The ft_launcher assigns ranks to workers during the rendezvous process.

Infrastructure-based assignment (default):

By default (--ft-use-infra-group-rank=True), rank assignments always come from the infrastructure:

  • The launcher first checks SLURM_PROCID (automatically set in SLURM environments)

  • If not available, it falls back to GROUP_RANK (set by ft_launcher itself)

Infrastructure ranks are used for every rendezvous, including after failures/restarts. Previous rank assignments are ignored. This ensures consistency with the infrastructure’s rank assignment, which is important for static deployments and proper resource allocation.

Note

Hot spare/redundancy is NOT supported with use_infra_group_rank=True because dynamic rendezvous cannot guarantee that lower infrastructure ranks will join as participants first.

Deterministic assignment (alternative):

Set --ft-use-infra-group-rank=False (or use_infra_group_rank: false in config) to use deterministic sorted assignment based on node descriptors. In this mode:

  • Previous rank assignments are preserved when possible

  • New workers fill gaps left by failed workers

  • Ranks are reassigned based on sorted node descriptors

NUMA binding

The ft_launcher supports automatic NUMA node binding for workers through the NVRX_GPUS_PER_NUMA environment variable. When set, the launcher automatically wraps each worker process with numactl to bind it to the appropriate NUMA node based on its local rank.

Important

Prerequisites: This feature requires the numactl command-line tool to be installed and available in the system PATH. The launcher will fail to start workers if numactl is not found.
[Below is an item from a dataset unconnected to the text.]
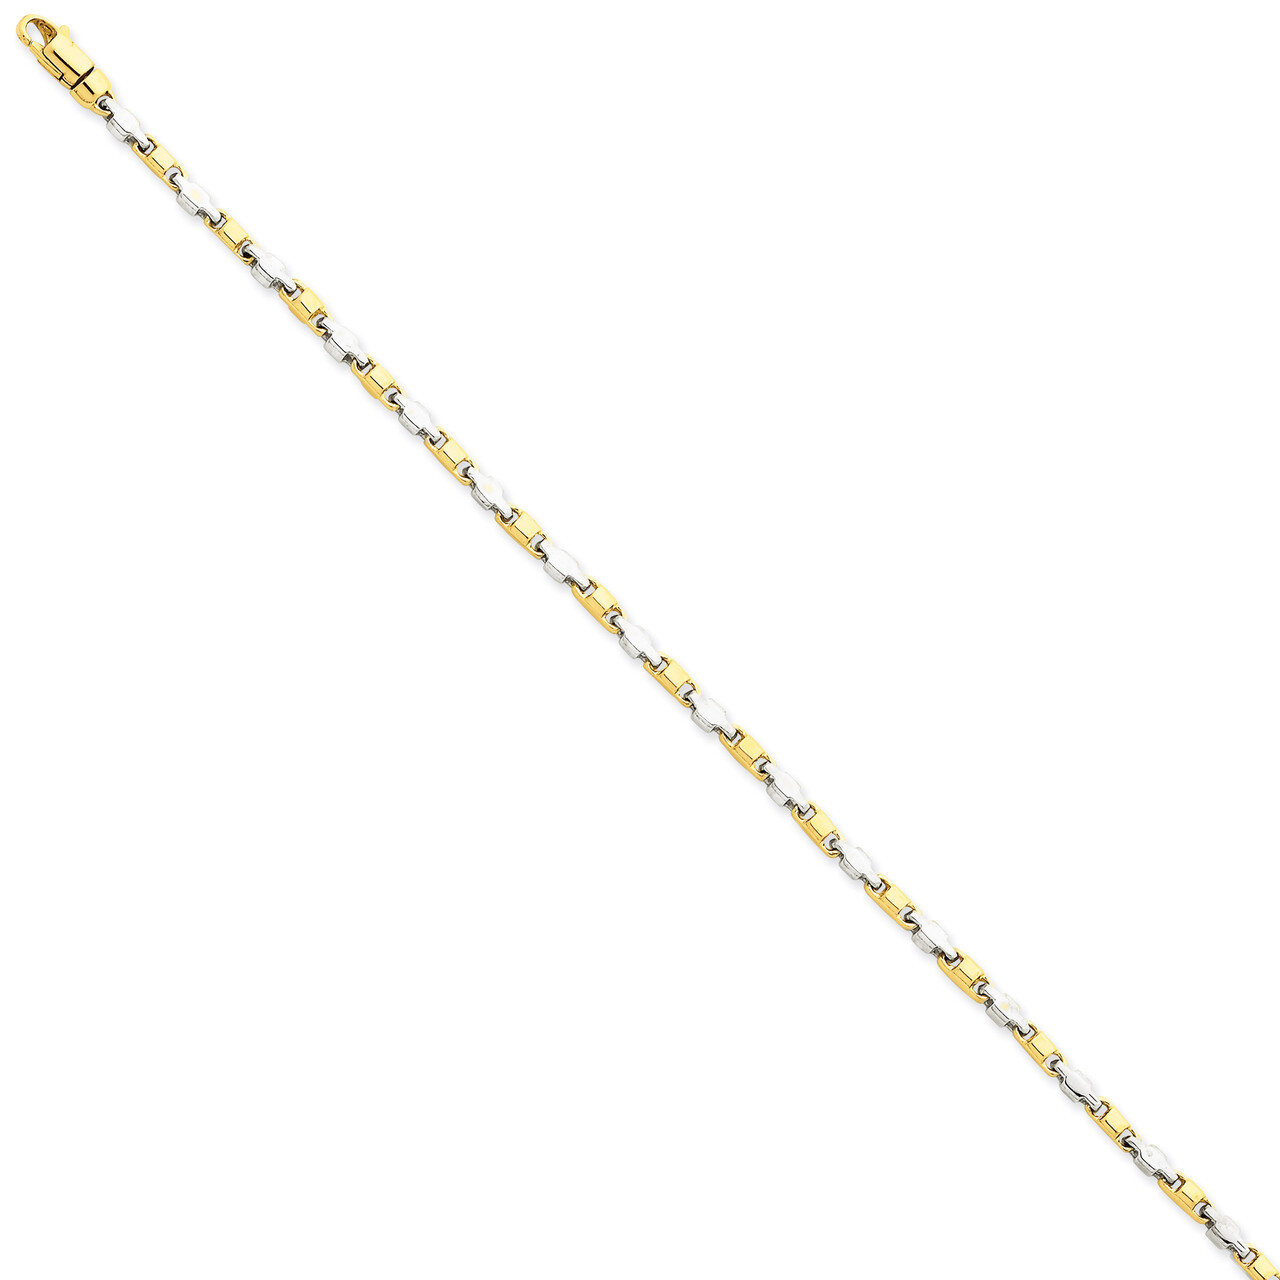 2.25mm Fancy Link Chain 18 Inch 14k Two-Tone Gold LK694-18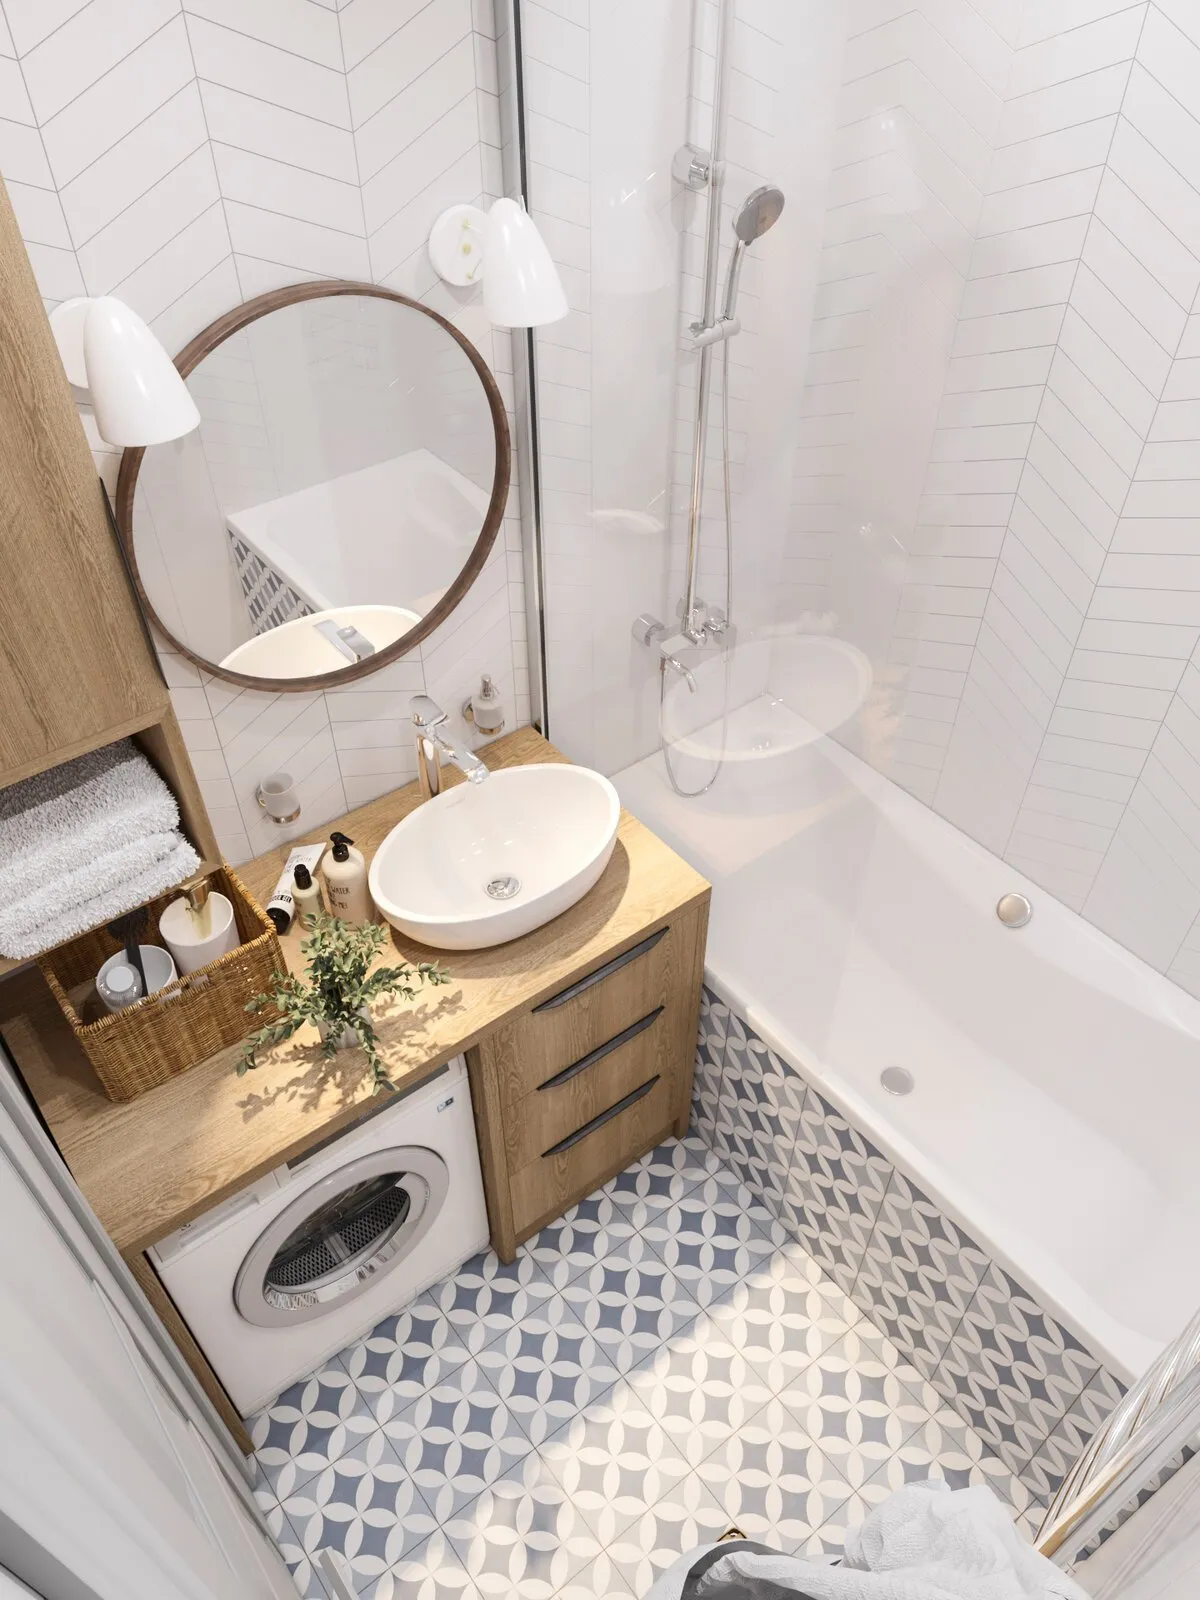 Ремонт ванной комнаты в хрущевке - цена, отзывы, частные объявления на YouDo

To install on common Linux distributions:

  • Ubuntu/Debian: sudo apt-get install numactl

  • RHEL/CentOS/Rocky: sudo yum install numactl

How it works:

  • Set NVRX_GPUS_PER_NUMA to the number of GPUs per NUMA node on your system

  • The launcher calculates the NUMA node as: numa_node = local_rank // gpus_per_numa

  • Each worker is automatically wrapped with: numactl --cpunodebind=<numa_node> --membind=<numa_node>

  • This applies only to binary/script entrypoints (not Python function entrypoints)

Example usage:

# For a system with 4 GPUs per NUMA node (8 GPUs total, 2 NUMA nodes)
export NVRX_GPUS_PER_NUMA=4
ft_launcher --nproc-per-node=8 train.py

# In this configuration:
# - Ranks 0-3 will be bound to NUMA node 0
# - Ranks 4-7 will be bound to NUMA node 1

Benefits:

Proper NUMA binding can significantly improve performance by ensuring memory locality and reducing cross-NUMA memory access overhead, which is especially important for multi-GPU training workloads.

Hang detection

The FT package provides two fully independent mechanisms for detecting hangs in user code. Users can choose the API that is best suited for their needs, or use both APIs at the same time.

  • Heartbeats API

The training script periodically sends heartbeats to the monitor. If no heartbeat arrives in a defined time, the workload is considered hung. This API is the simplest to use but might require coarse timeouts that need to cover a wide range of possible intervals between heartbeats. Please find more details in Heartbeats API Integration.

  • Sections API

Some parts of the training scripts are wrapped in sections. If any section is opened for too long, the workload is considered hung. The sections-based API requires more changes in the user code, but timeouts can be defined more precisely, and hangs can be detected quicker. Please find more details in Sections API Integration.

Workload control

In some cases, it might be useful to control the ft_launcher behavior based on a rank state. For example, if an irrecoverable error is encountered in a rank, it might be reasonable to break the launcher restarting loop and exit instead of restarting; for other exception types, one might want to exclude the current node from subsequent restart attempts. RankMonitorClient exposes the nvidia_resiliency_ext.fault_tolerance.rank_monitor_client.RankMonitorClient.send_workload_control_request() API, which can be used to control the workload restarting logic implemented in the launcher.

Note

Please note that only the ft_launcher behavior is affected by this call. The fault tolerance package is job scheduler-agnostic, i.e., it does not control underlying SLURM job allocations.